Kegiatan ini telah dijalani Mimy selama lebih kurang satu tahun. Namun karena setengah tahun belakangan ini jumlah sampah dari donatur yang dikumpulkannya semakin banyak, dan sudah tidak lagi memungkinkan untuk ditaruh di dalam rumahnya, akhirnya ia memutuskan untuk membuat posko daur ulang di depan kantinnya. “Dulu sebelum ada posko, lantai dua rumah saya penuh dengan sampah.

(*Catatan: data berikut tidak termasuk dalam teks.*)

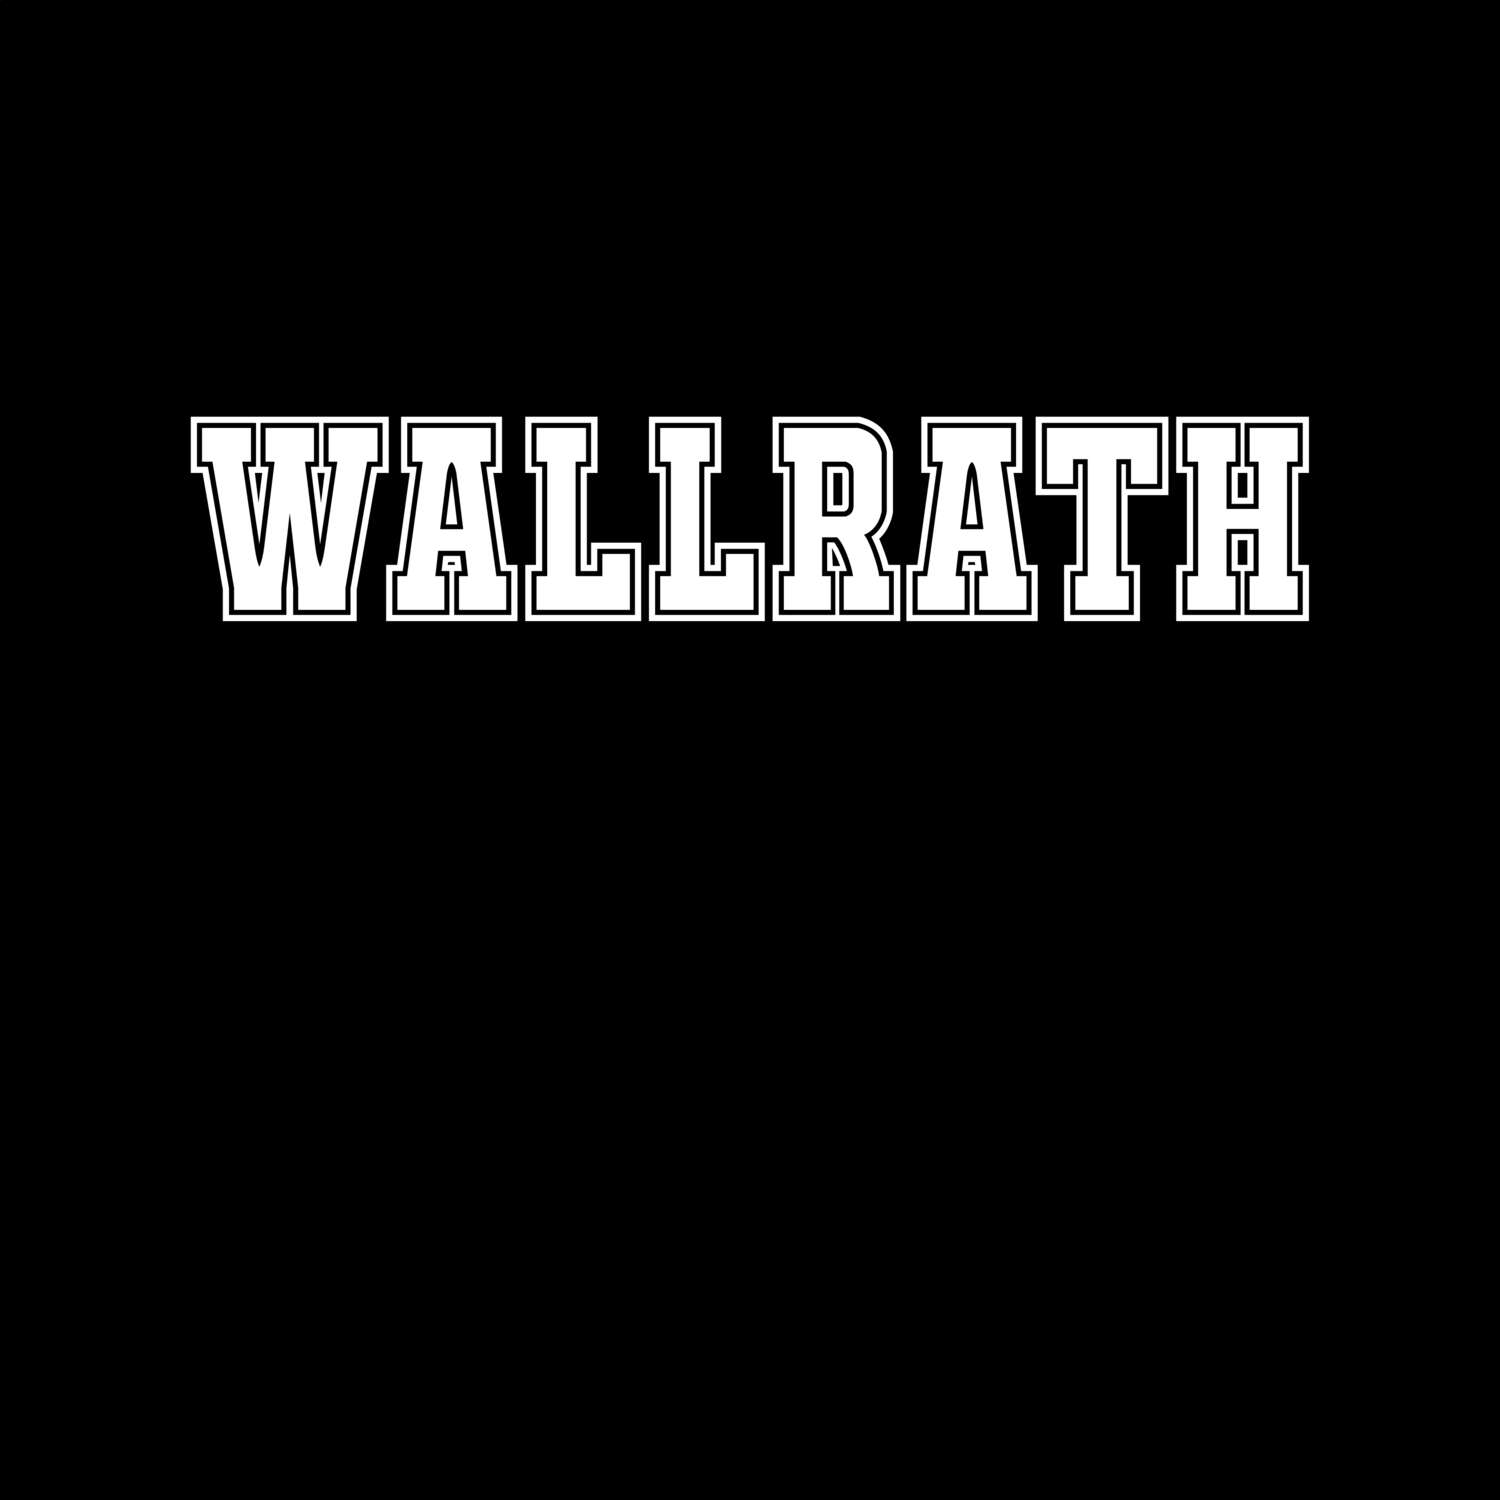 Wallrath T-Shirt »Classic«

Semakin lama rasanya semakin mengganggu, oleh karena itu akhirnya saya memutuskan kios kecil yang dahulu saya sewakan, saya gunakan jadi posko daur ulang sampah,” jelasnya.
Tadinya kios berukuran lebih kurang 4x2 meter ini biasanya disewakan oleh Mimy sebesar 750.000 rupiah per bulan. Namun setelah kios tersebut berubah fungsi, maka secara otomatis pendapatan Mimy pun berkurang. “Tidak apa saya tidak dapat uang sewa. Semua sudah keluar dari hati, jadi biar pendapatan berkurang tapi hati ini bahagia,” ungkapnya haru.
Tidak hanya sebagai tempat penyimpanan barang-barang daur ulang, posko mini tersebut juga dijadikan Mimy sebagai tempat berbuat kebajikan. Setiap hari Minggu, apabila barang-barang di dalam posko tersebut sudah penuh, maka Mimy mengajak anak-anak serta karyawan kantinnya untuk melakukan pemilahan sampah. Baik itu menginjak botol, me misahkan sampah pastik dan kertas, mau pun merapikannya, “Tadinya saya membayar karyawan untuk melakukan itu. Tapi sekarang, setelah dijelaskan mereka melakukannya dengan sukarela.”
Biasanya mobil posko daur ulang sampah datang ke tempat Mimy setiap satu minggu sekali, tetapi apabila sampah yang di posko sudah terlalu banyak maka bisa dua kali dalam seminggu. “Kalau sudah terlalu banyak, kadang saya khawatir nanti dibongkar orang (pemulung-red). Walaupun dikunci, tapi saya tidak tenang, makanya saya pasti menyuruh mobil daur ulang Tzu Chi mengambilnya,” katanya.
Mimy mengaku, semenjak mendengarkan Master Cheng Yen dan melakukan kegiatan daur ulang ini, hatinya menjadi lebih tenang dan bahagia. “Sebenarnya saya ingin sekali menjadi relawan Tzu Chi. Tapi karena saya masih memiliki kewajiban (menikahkan dua anaknya lagi-red), maka saya memilih untuk melakukan ini terlebih dahulu. Tapi saya berjanji, kalau kewajiban saya sudah selesai saya akan menjadi relawan Tzu Chi,” tutur wanita yang mengaku akan melakukan kegiatan daur ulang sampah seumur hidupnya ini.